Cito decisões no mesmo sentido:
EMENTA: AGRAVO DE INSTRUMENTO. ADMINISTRATIVO. PROCESSUAL CIVIL. APÓLICE DE SEGURO RESIDENCIAL AUTÔNOMA. NEGATIVA DE COBERTURA. ILEGITIMIDADE DA CEF. INCOMPETÊNCIA DA JUSTIÇA FEDERAL. GRATUIDADE DA JUSTIÇA. A relação jurídica sob exame tem a parte autora e a Caixa Seguradora S/A como partes, constando a CEF como mera estipulante e/ou beneficiária. Outrossim, constata-se que a CEF não é responsável pela negativa de cobertura do seguro contratado, de forma que é inviável que permaneça no polo passivo do feito, devendo a competência ser declinada para a Justiça Estadual. Conforme dispõem os arts. 98 e 99 do CPC/2015, a concessão do benefício da gratuidade da justiça não está condicionada à comprovação da miserabilidade do requerente, mas, sim, à impossibilidade de ele arcar com os custos e as despesas do processo (inclusive a verba honorária). A simples afirmação da condição de hipossuficiente basta para o deferimento do benefício, contudo, a presunção de veracidade da respectiva declaração não é absoluta, devendo ser sopesada com as demais provas constantes nos autos. (TRF4, AG 5053605-59.2016.4.04.0000, QUARTA TURMA, Relator SÉRGIO RENATO TEJADA GARCIA, juntado aos autos em 18/09/2017)

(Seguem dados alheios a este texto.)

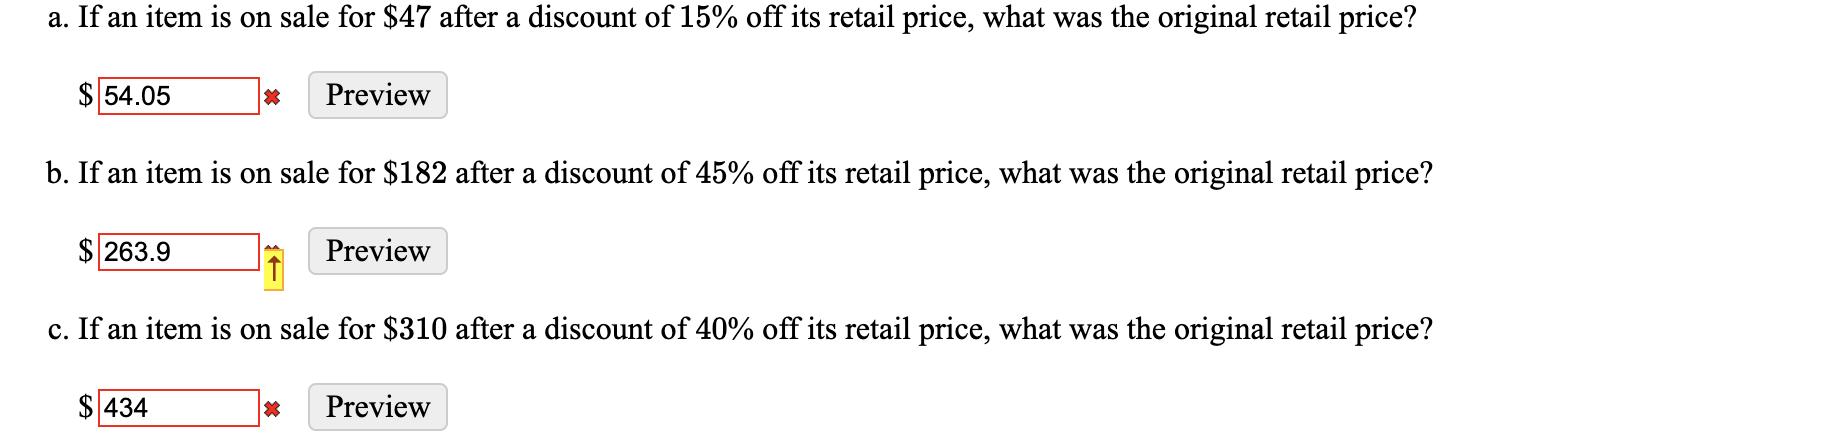 a. If an item is on sale for $47 after a discount of 15% off its retail price, what was the original retail price?$ 54.05Pr
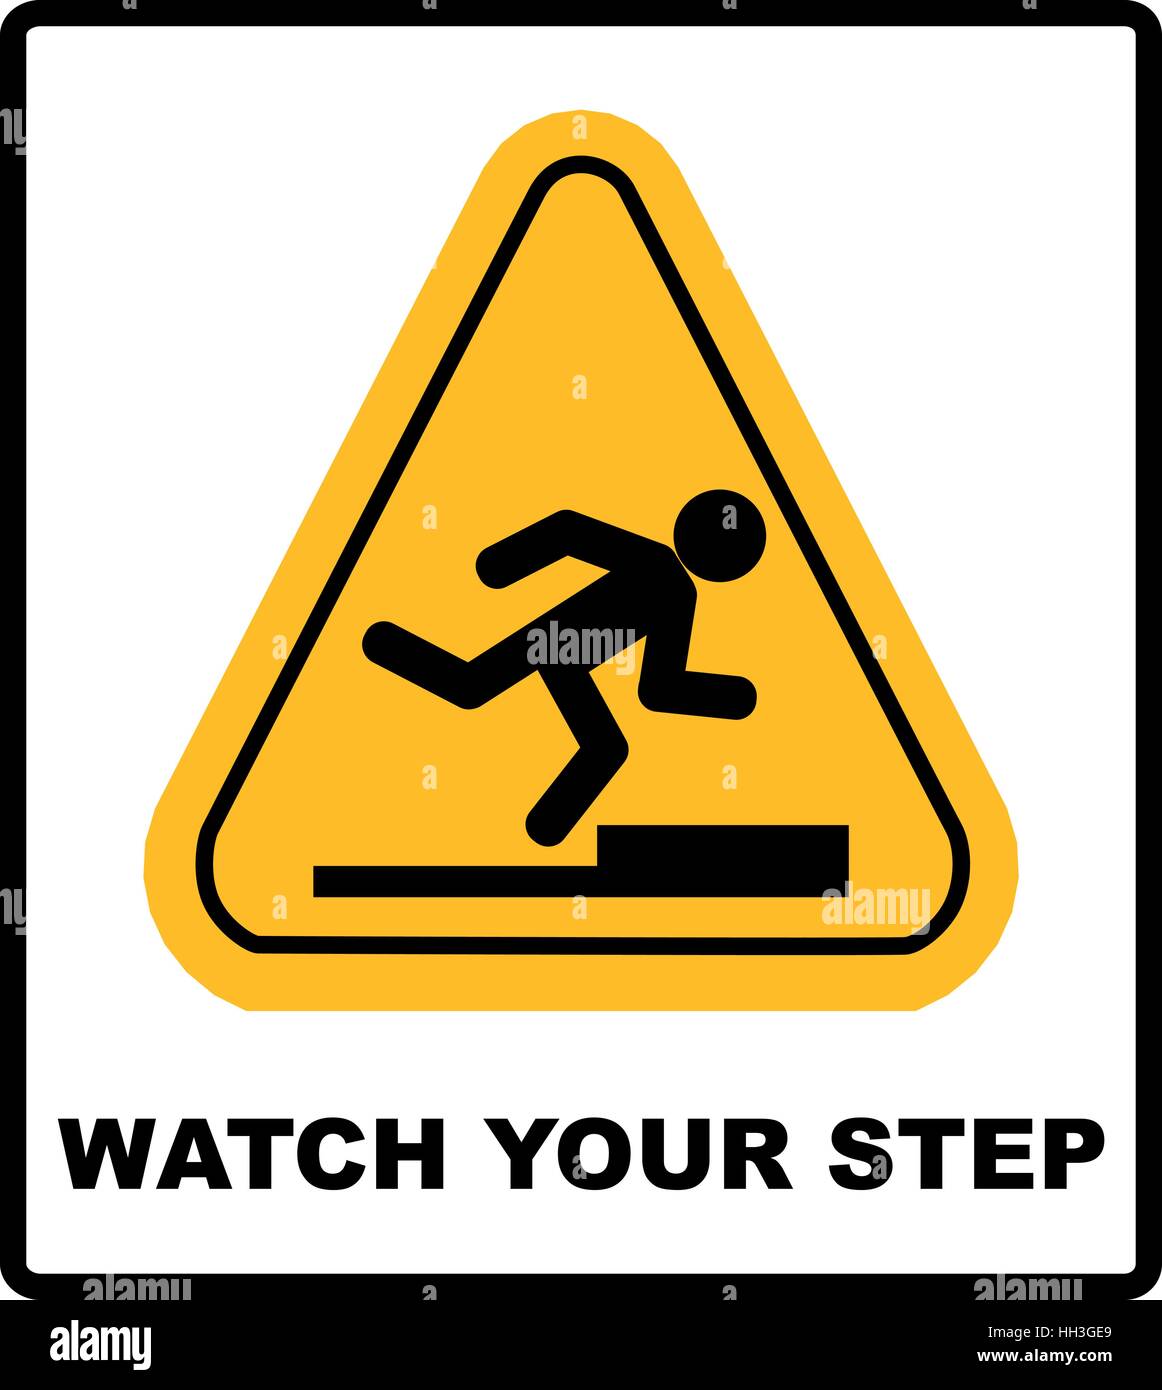 Watch your step sign. Vector yellow triangle symbol isolated on white. Warning sticker label for public places. Stock Vector

CIVIL E PROCESSUAL CIVIL. SISTEMA FINANCEIRO DA HABITAÇÃO (SFH). VÍCIO DE CONSTRUÇÃO. ILEGITIMIDADE PASSIVA DA CAIXA ECONÔMICA FEDERAL (CEF). 1. A CEF não tem legitimidade para figurar no polo passivo de ação proposta por adquirente de imóvel, financiado sob as normas do SFH, no que concerne ao ressarcimento de danos decorrentes de vício na construção do imóvel, considerando que a participação da empresa pública se restringe ao contrato de mútuo. Precedentes. 2. Na hipótese, verifica-se que o imóvel foi comprado pronto e não ficou demonstrada a responsabilidade contratual da CEF por quaisquer vícios de construção ou sua participação no projeto do imóvel, devendo ser mantida a decisão que reconheceu a sua ilegitimidade passiva. 3. Apelação conhecida e não provida. (AC 0006252-08.2016.4.01.3811 / MG, Rel. DESEMBARGADOR FEDERAL KASSIO NUNES MARQUES, SEXTA TURMA)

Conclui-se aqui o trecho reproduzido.